In our experiments, we show that after in vivo infection of sheep with A. phagocytophilum, the neutrophil respiratory burst is actually elevated above uninfected levels. The reasons for this are unclear, but we have only measured neutrophil function on the second and fourth days of bacteremia. It is possible that neutrophil function at earlier times after infection would be different, but neutrophil infection rates are low before these times. However, preliminary experiments with ovine neutrophils infected in vitro with A. phagocytophilum (unpublished observations) indicate that, like HGE and human neutrophils, the organism can similarly downregulate the activity of the NADPH oxidase within 60 min of addition to neutrophils. This downregulation of oxidase activity has been proposed to occur via the induction of expression of a protein that downregulates NADPH oxidase function. We have previously reported the existence of such a short-lived inhibitor of the NADPH oxidase (28).
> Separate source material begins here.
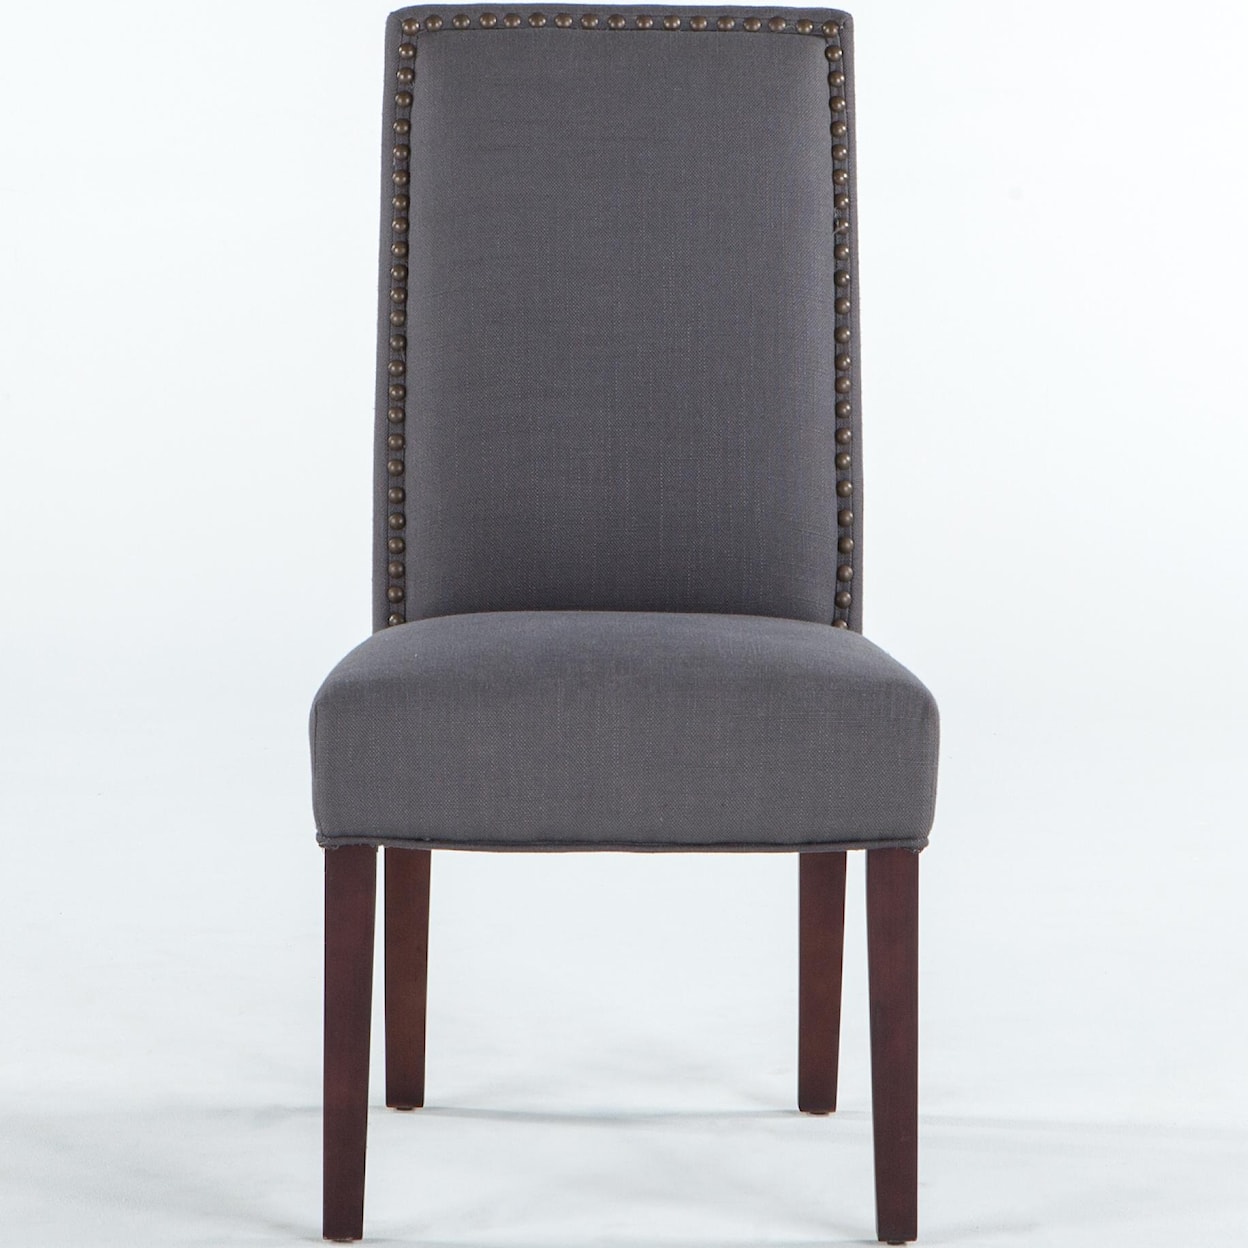 Home Trends & Design G206 Dining Side Chair

In our experiments, dexamethasone and sodium butyrate, which have been shown to delay human neutrophil apoptosis (2, 27), had no significant effects on the apoptosis of sheep neutrophils. Both of these agents delay neutrophil apoptosis via molecular processes that require de novo protein biosynthesis (2). The reason why these agents do not affect apoptosis of sheep neutrophils is unclear, but it is possible that apoptosis control is different in sheep neutrophils. Conditioned medium from concanavalin A-stimulated PBMCs could delay the apoptosis of control sheep neutrophils, presumably via the effects of cytokines (mostly gamma interferon and interleukin-1β) present in this medium. Interestingly, this conditioned medium could not further delay apoptosis of A. phagocytophilum-infected neutrophils, indicating that in these infected cells the survival processes could not be further stimulated by the exogenous cytokines. It will also be of interest to determine whether neutrophil apoptosis is affected after infection of sheep with other bacteria or intracellular parasites. This would indicate if endogenously produced cytokines can alter the kinetics of neutrophil apoptosis ex vivo. Many microbes or their products accelerate neutrophil apoptosis (17, 25, 30, 36), but infection of human neutrophils with Leishmania major has been shown to result in delayed apoptosis of human neutrophils (1).

Identification of the processes by which intracellular bacteria such as A. phagocytophilum and HGE perturb neutrophil function such as respiratory burst activation and apoptosis are clearly important for the molecular pathology of ehrlichiosis. However, these bacteria (or their molecular components that interact with neutrophil receptors) should also provide new experimental tools to dissect the complex intracellular pathways that regulate such important neutrophil functions such as activation of microbial killing pathways and the regulation of cell death and survival.

Acknowledgments

We thank the Wellcome Trust (United Kingdom) for generous financial support.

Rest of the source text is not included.